I've taken advice from just about everybody who looks remotely successful, or who might be successful, or who should be successful according to societal standards in this my native land, the U.S. of A. If one is stuck or does not know where to go or what to do, taking advice is a fine method of finding one's way again.

Just don't count on the advice being sound because of the source's quality. Advice doesn't always age well. I've lost time, money, and opportunities on "conventional wisdom" I've been passed along by trusted sources for whom the practices worked approximately forty years ago.

So, I've learned to ask advisors when this action they're advocating worked for them. I have been trusting my elders on various pieces of advice in fields that have changed a lot, and the elders have not kept up to date on the fields in which the advice is applied.

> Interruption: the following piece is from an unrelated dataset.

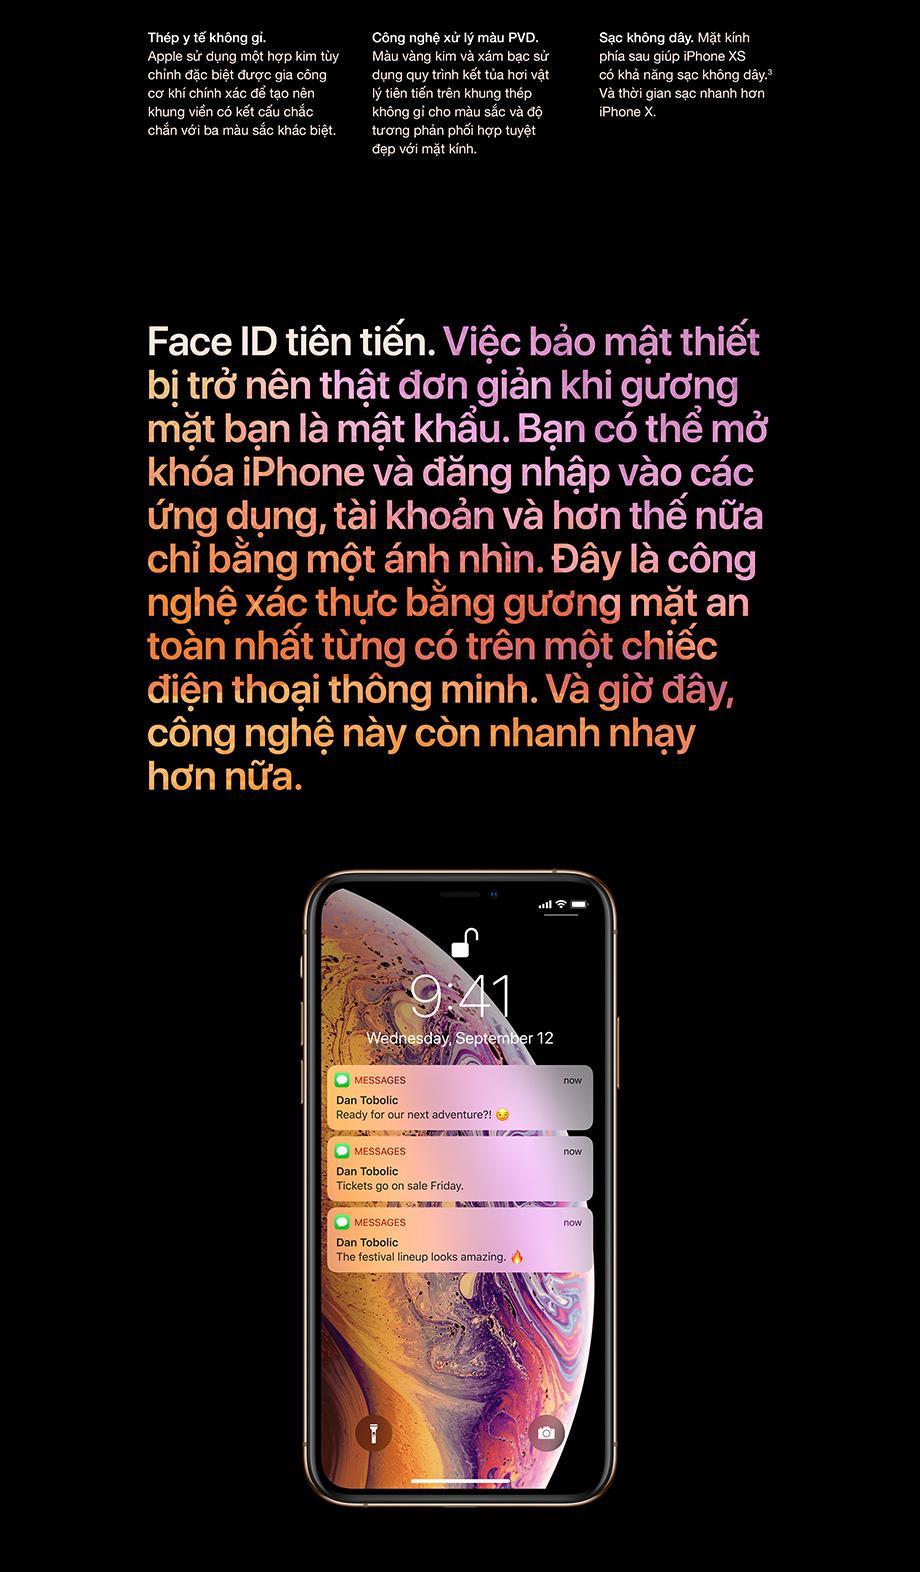 iPhone-XS-&-XS-Max_03.jpg

Example: Other homeowners convinced the spouse and I that "houses always appreciate (increase in worth) over time." Worse, everywhere we asked and the most reliable places we read (including economics textbooks, I felt so betrayed) said "Buy a house, it's a no-risk investment!" This might've been true fifty years ago, but it's in no way true today. Our house lost a lot of value due to various factors, and we're not making enough on the sale to put a down payment a new one. So much for that guarantee!

Also, it may also be important to take the confident delivery of advice as a warning sign. When I encounter a phrase like "everybody knows this, this is how it always has been, I have always been told," etc., I've learned to ignore that confident tone and examine the advice more closely.

And I haven't even touched on all of the writing advice I should never have taken because it was written for typical literary fiction authors, and those people are about as far away from me and my work as it's possible to get. Trust no one. Check your sources' currency, and keep in mind that they may not really understand your specific predicament, even if they sound like they do! It might save you some time and sanity.